GONZALEZ: "And it's ironic because schools are seeing less funding coming directly to them, districts are seeing less funding and yet we have a lot of money going into things like this."
AJ: At virtually every booth is a promise to help students learn more and perform better on standardized tests. According to the consulting firm Eduventures, K through 12 testing and test prep is a more than four billion dollar a year industry. Nearly seven billion if you include the companies that produce the curriculum designed to help teach students what they need to know for the tests. And it's a number that's expected to grow to more than ten billion in the coming years as more and more schools seek outside help to improve student performance.
Gayle Pauley is with the Office of the Superintendent of Public Instruction in Olympia. She holds in her hand a list of after school tutoring companies, also known as Supplemental Service Providers.
PAULEY: "Tutor dot com, The Princeton Review, Huntington Learning Centers."
AJ: There are fourteen providers on the list. These are the companies - and in a few cases non-profits - the state has approved to tutor low-income students. It's a requirement of the federal No Child Left Behind law passed in 2001. Schools that fail to improve their standardized test scores over three years, must divert some of the money they get from the federal government to low-income students for after school tutoring.

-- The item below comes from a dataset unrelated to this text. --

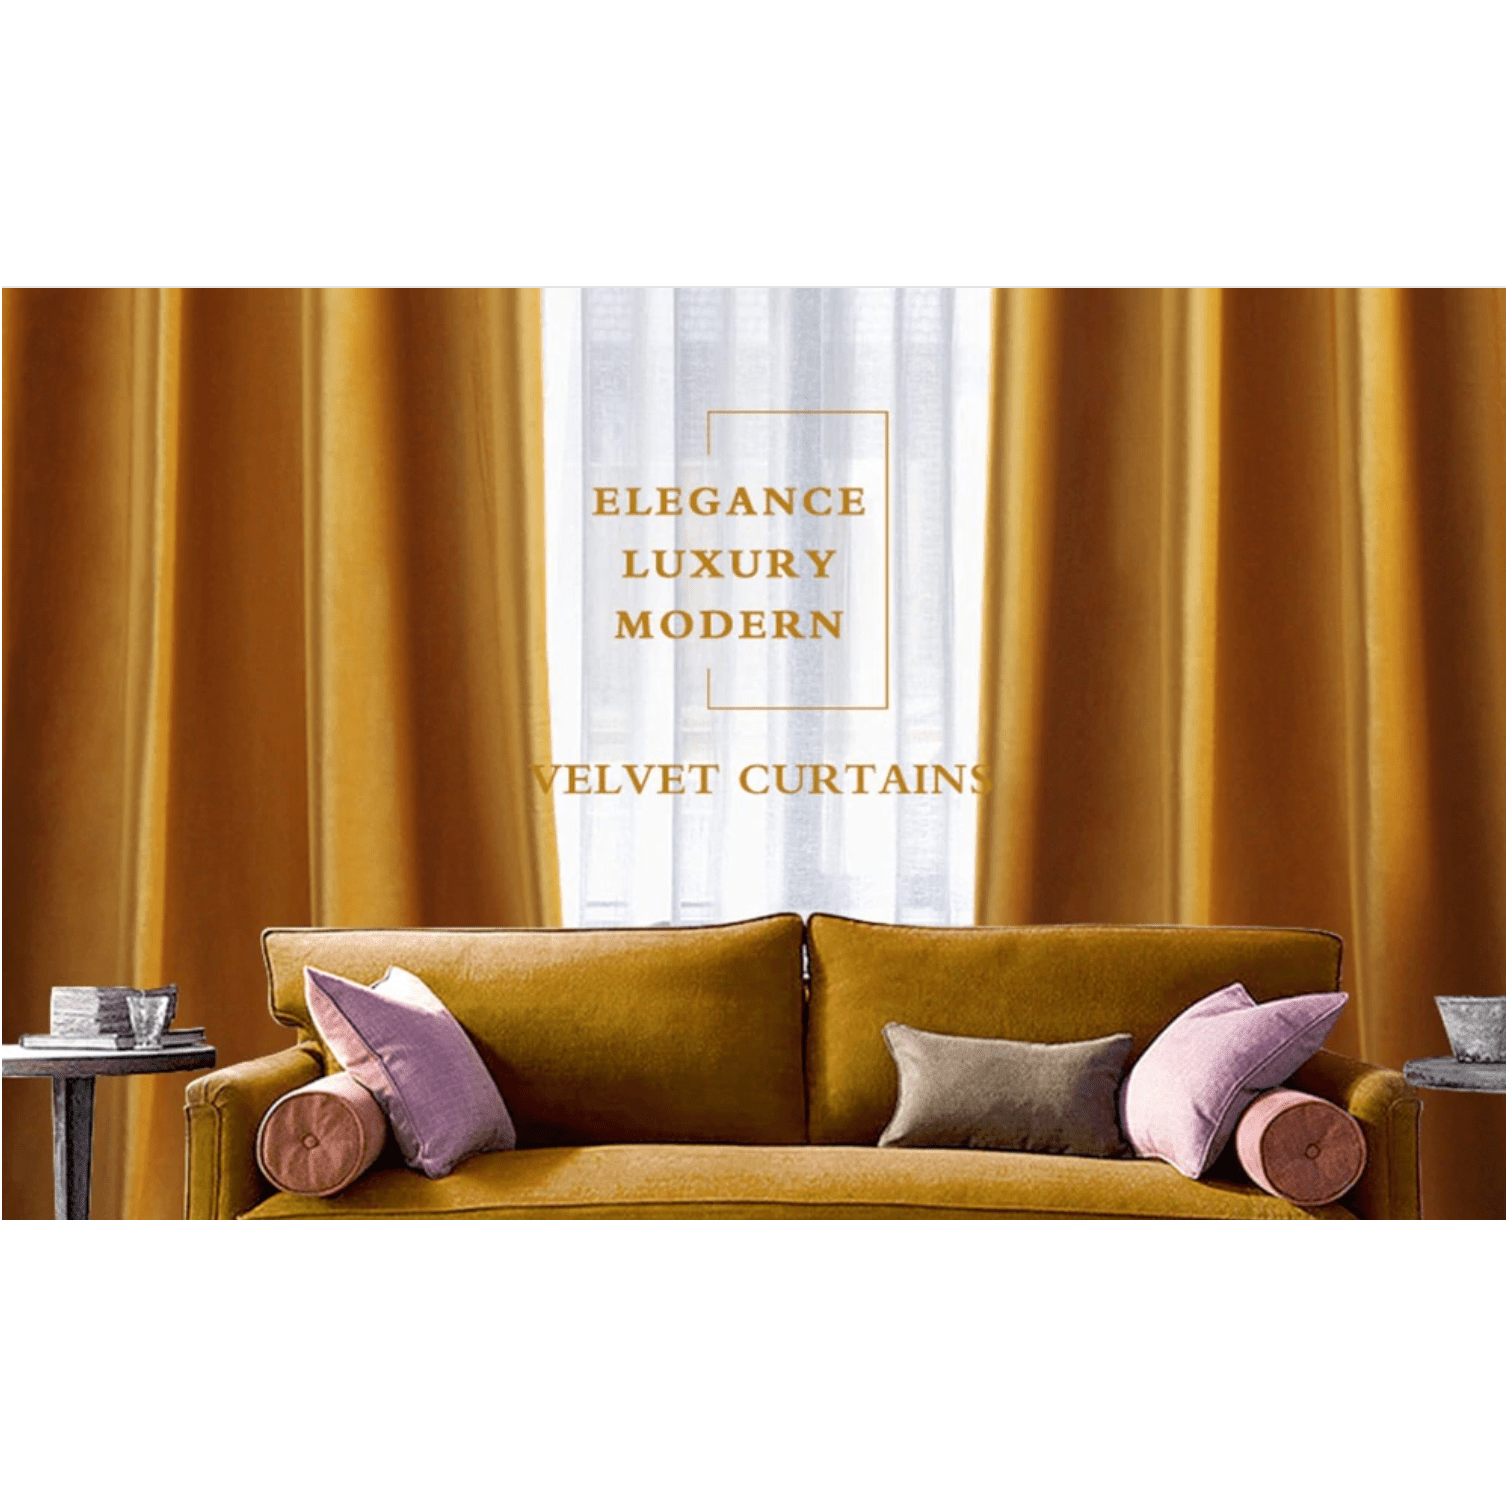 Brittany Velvet Plain Curtains - Yellow

As a former public school teacher, Pauley says at first she was leery of these for-profit companies. But now considers them a partner in helping students succeed.
PAULEY: "The way it's managed and set up is that the students get the instruction during the day by their classroom teacher and then they have the opportunity to have someone work one-on-one or one and a small group."
AJ: According to Pauley, the companies charge from eight to twenty-five dollars for an hour of tutoring. This year alone Eduventures calculates that approximately one billion federal dollars are up for grabs nation-wide for after-school tutoring. And it anticipates these supplemental service providers will enjoy significant profit gains in the coming years as more and more students exercise their right to after school instruction. But Pauley says the companies will have to prove themselves.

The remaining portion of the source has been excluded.